Toprakların Litosferleri ile Astenosferiler arasındaki farklar

Anonim

Dünyamız i olarak adlandırılır. e. Dünya, güneşten üçüncü gezegen ve hayat sürdürmesi bilinen tek gezegendir. Dünyadaki yaşamı koruyan bu tabaka litosfer olarak adlandırılır. Litosfer kabuğundan ve en üst katı mantoldan oluşur. Litosferin altında uzanan Astenosfer, mantodaki en zayıf bölümden oluşur. Litosferden astenosfere geçtiğimizde sıcaklık artar. Sıcaklıktaki bu artış ve aşırı basınç, kayaların plastik haline gelmesine neden olur. Zamanla bu yarı erimiş kayaçlar akacak. Yukarıda sözü edilen oluşum, belirli bir derinlik ve sıcaklıkta, astenosfer katmanına neden olur. Bu iki katman, bu katmanlardaki mekanik değişiklikler ve toplum üzerindeki etkileri nedeniyle çok önemlidir. Farklılıkları ve etkileşimleri, aşağıdaki makalede daha ayrıntılı olarak tartışılacaktır.

Tarih / Oluşum

1914 yılında A. E. H. Love tarafından litosfer kavramı başladı ve J. Barrell ve R. A. Daly [i] gibi bilim adamları tarafından daha da geliştirildi. Astenosfer konsepti daha sonraki bir aşamada tarihte önerilmiş iken; e. 1926 ve 1960'da Büyük Şil depreminden kaynaklanan sismik dalgalarla doğrulandı. Kıtasal kabuğun üzerinde yerçekimi anomalileri önerdiler, burada kuvvetli bir üst katman zayıf bir alt katmana süzüldü. e. astenosfer. Zaman geçtikçe bu fikirler genişletildi. Bununla birlikte, kavramın temeli zayıf astenosfer üzerinde duran güçlü litosferden oluşmaktadır [ii].

Yapı

Litosfer, tektonik plakalarla (geniş kayalık malzeme paftaları) bölünen sert dış tabakayı oluşturan kabuk ve en üstteki manto (çoğunlukla peridotitten oluşur) içerir. Bu tektonik plakaların hareketi (birbirine çarpışma ve birbirine kayma), derin deniz riftleri, volkanlar, lav akıntıları ve dağ binası gibi jeolojik olaylara neden olduğu söyleniyor. Litosfer yukarıdaki atmosfer ve aşağıda astenosfer ile çevrilidir. Litosfer en kat kat olarak kabul edilmesine rağmen elastik olduğu düşünülmektedir. Bununla birlikte, elastikiyeti ve sünekliği, astenosferden çok daha azdır ve stres, sıcaklık ve yeryüzü eğriliğine bağlıdır. Bu katman, yüzeyin 80 km'den 250 km altına kadar uzanır ve komşusu (astenosfer), yaklaşık 400 ° C [iii] daha serin bir çevre olarak kabul edilir.

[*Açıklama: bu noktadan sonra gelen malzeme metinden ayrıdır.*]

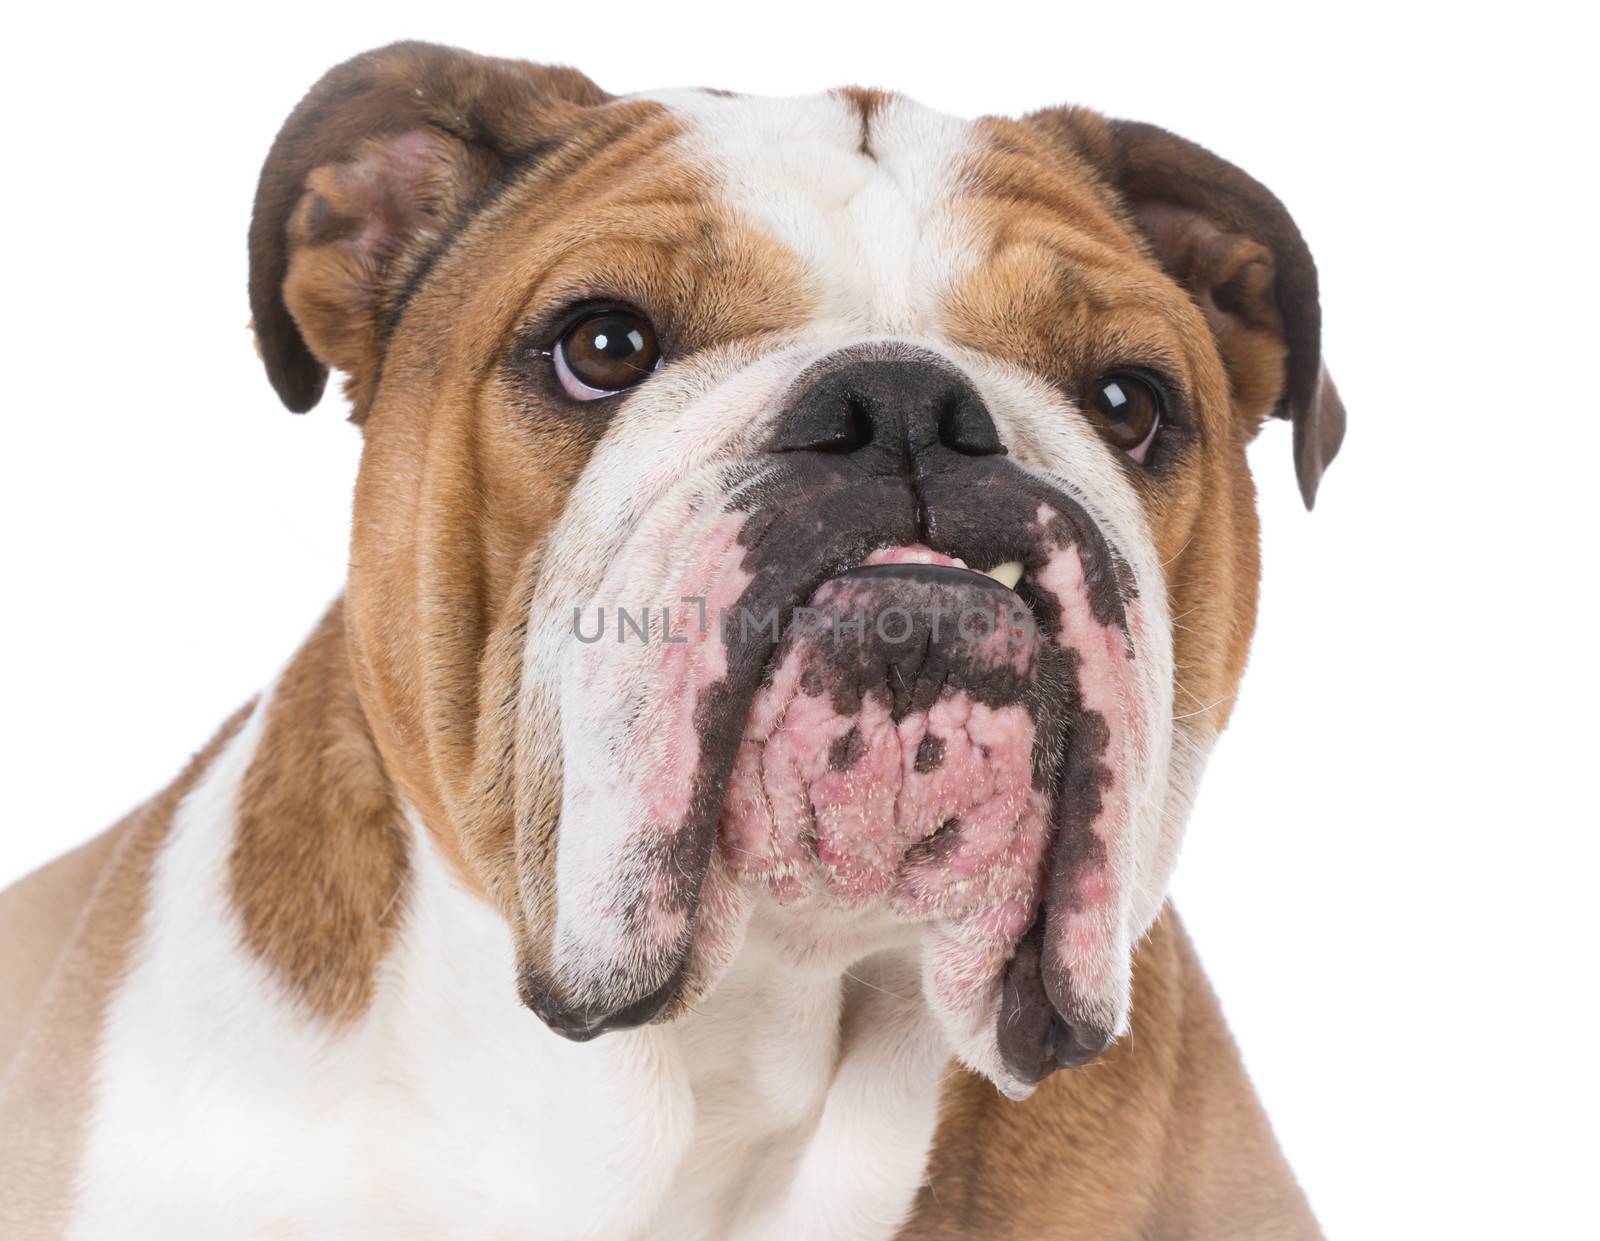 english bulldog portrait on white background

Litosferin aksine, astenosferin daha sıcak olduğu düşünülmektedir, e. 300 ila 500 derece arasında. Bunun nedeni, kısmen erimiş kaya içeren bazı bölgelerle astenosfer çoğunlukla sağlam olmasıdır.Astenosferin viskoz ve mekanik açıdan zayıf olarak kabul edilmesine katkıda bulunan madde. Bu nedenle, doğanın üst sınırı olan litosferden daha sıvı olduğu kabul edilirken, alt sınırı mezosferdir. Astenosfer, yeryüzü yüzeyinin 700 km altındaki derinliğe kadar uzanabilir. Mezosferi oluşturan sıcak malzemeler, astenosferde ısınırlar, astenosferdeki kayaçların erimesine (yarı akışkan) neden olurlar; bununla birlikte sıcaklıklar yeterince yüksektir. Astenosferin yarı akışkan alanlar tektonik plakaların litosferde hareket etmesini sağlar [iv].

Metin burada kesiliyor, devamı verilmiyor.